940	994.813853	842.056277	941	231.0	1
941	995.741935	336.379032	942	124.0	1
942	995.589928	812.503597	943	139.0	1
943	997.083333	444.583333	944	60.0	1
944	997.517241	966.482759	945	29.0	1

945 rows × 5 columns

[12]:

adata.var

[12]:


0
1
2
3
4
...
87
88
89
90
91

92 rows × 0 columns

This anndata object gives us access to the entire python (or Seurat) single cell analysis ecosystem of tools. We follow a single cell analysis workflow described in https://scanpy-tutorials.readthedocs.io/en/latest/pbmc3k.html and https://www.embopress.org/doi/full/10.15252/msb.20188746.

[13]:

import scanpy as sc

sc.pl.violin(adata, keys=["0", "24", "60"])
sc.pp.log1p(adata)
sc.pp.scale(adata, max_value=10)
sc.tl.pca(adata, svd_solver="arpack")
sc.pp.neighbors(adata, n_neighbors=10, n_pcs=10)
sc.tl.umap(adata)
sc.pl.umap(adata, color=["0", "24", "60"])

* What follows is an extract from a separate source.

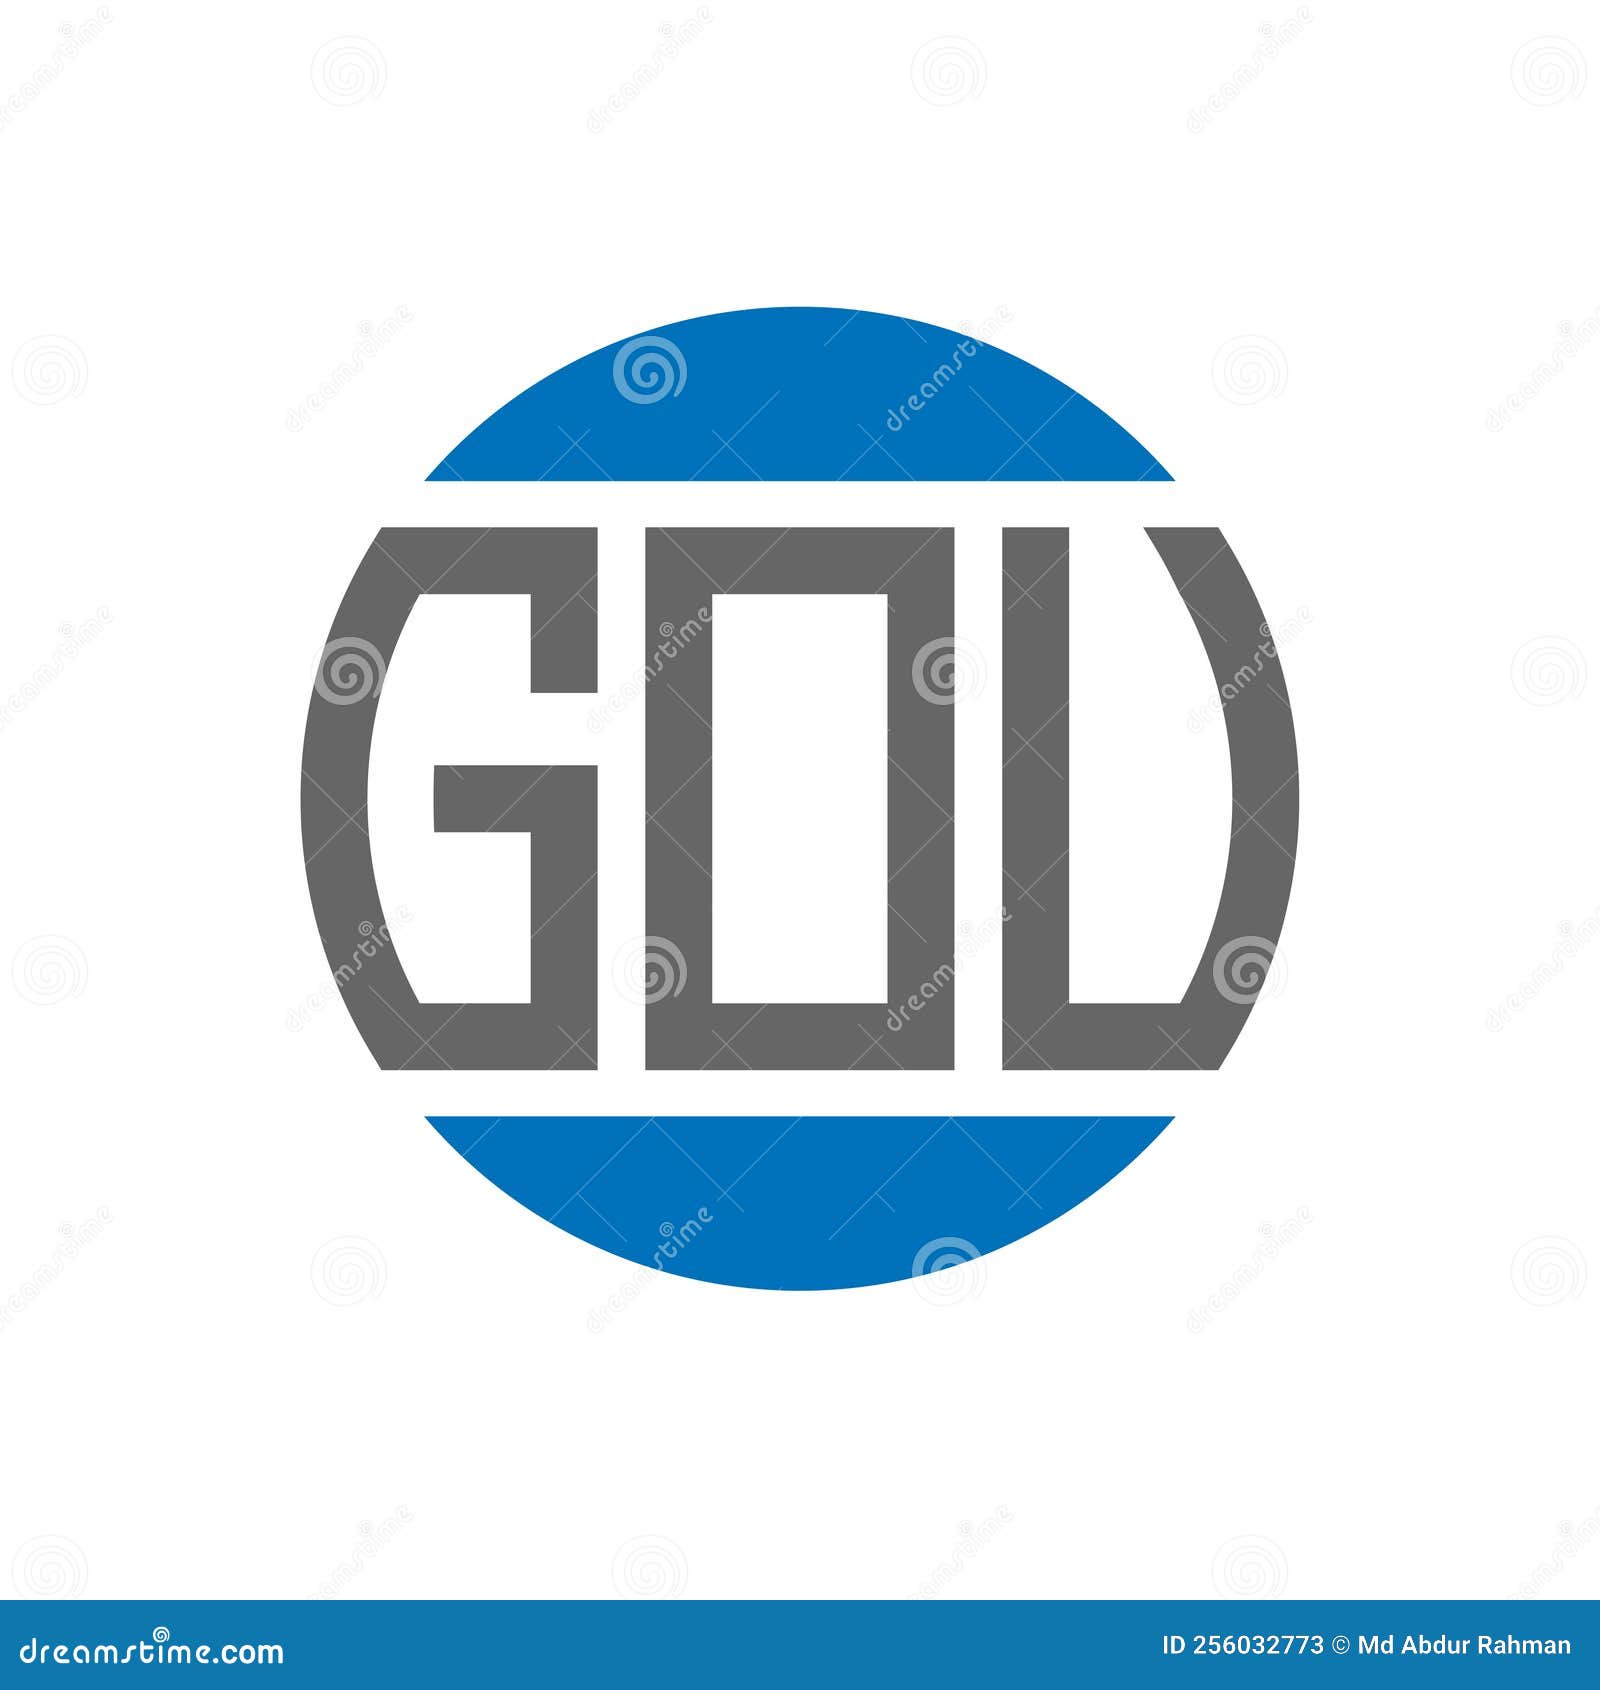 gov letter logo  on white background. gov creative initials circle logo concept. gov letter

../_images/examples_link_multiplex_if_19_0.png

../_images/examples_link_multiplex_if_19_1.png

[16]:

sc.tl.leiden(adata, resolution=0.15)
sc.pl.umap(adata, color="leiden")
sc.tl.rank_genes_groups(adata, "leiden", method="t-test")
sc.pl.rank_genes_groups_dotplot(adata, groupby="leiden", vmax=5, n_genes=5)

../_images/examples_link_multiplex_if_20_0.png

../_images/examples_link_multiplex_if_20_1.png

We can also use spatial analysis tools such as https://github.com/theislab/squidpy.

[19]:

import scanpy as sc
import squidpy as sq

sc.pl.spatial(adata, color="leiden", spot_size=15)
sc.pl.spatial(adata, color="leiden", groups=["2", "4"], spot_size=15)

[15]:

sq.gr.co_occurrence(adata, cluster_key="leiden")
sq.pl.co_occurrence(adata, cluster_key="leiden")

../_images/examples_link_multiplex_if_23_1.png

References

Schürch, C.M., Bhate, S.S., Barlow, G.L., Phillips, D.J., Noti, L., Zlobec, I., Chu, P., Black, S., Demeter, J., McIlwain, D.R. and Samusik, N., 2020. Coordinated cellular neighborhoods orchestrate antitumoral immunity at the colorectal cancer invasive front. Cell, 182(5), pp.1341-1359.